Leda smiles. “Come, sit with me.”
Clytemnestra covers the space between them and sits on the sheepskins. From up close, she can feel her mother’s warmth and detect her faint smell, like the earth after rain.
“What do you think of the girls your brothers love so much?”
She examines her mother’s face in search of any right answer, but Leda is just curious. “I like them.”
“I knew you would. Phoebe is tough. They were just unlucky.” She stoops to pick up a quartz-chiseled cup from the floor. She gulps some wine, then turns to stare at her daughter. “I know you killed Cynisca,” Leda says.
Clytemnestra stays quiet. Her mother doesn’t seem angry, just sad. The moment of silence stretches between them until it snaps.
“You have always been a bright child,” Leda says, “brighter than the rest. And I think you knew that. It gave you the strength to be bold and to speak freely whenever you wanted to.” She sighs, resting her head on the pillow. The golden leaves embossed on the headboard frame her head like a crown. “But it didn’t teach you to accept defeat and that to achieve what you want from the men around you, you must allow them to believe that they are in charge.”
“If that is what a woman must do, I don’t want to be one.”
Leda sinks lower into the bed. Her hands are more lined than they used to be, veins popping out of the skin like rivers. “You are one.
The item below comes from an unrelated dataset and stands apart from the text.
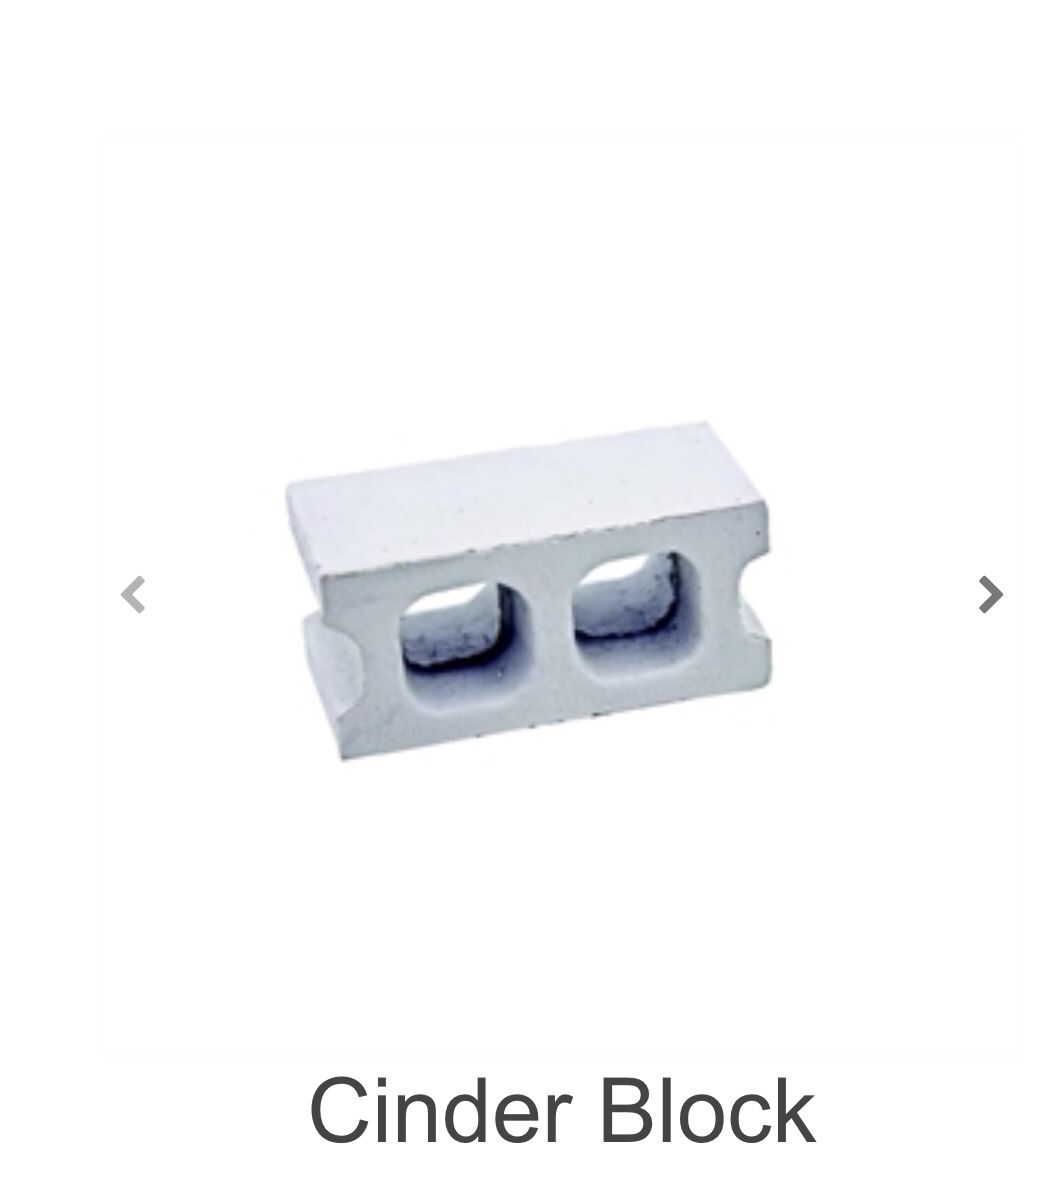 Free cinder blocks

Who else has a spirit like yours? Since the moment you were born, you were your father’s favorite. What king prefers a girl to his sons?”
“A good one.”
Leda takes her hand in hers, which is warm, almost feverish. “We had hopes for you, ambitions. Your father put too much pressure on you, eager for a powerful marriage. And he ruined you.”
The words sting. “I am not ruined.”
“But you are unhappy.” Leda puts aside the cup, and her head falls onto her shoulder. She is exhausted. “Now I must sleep,” she says, her eyes closed. Quickly, her breathing becomes louder and her hand falls limp from her daughter’s.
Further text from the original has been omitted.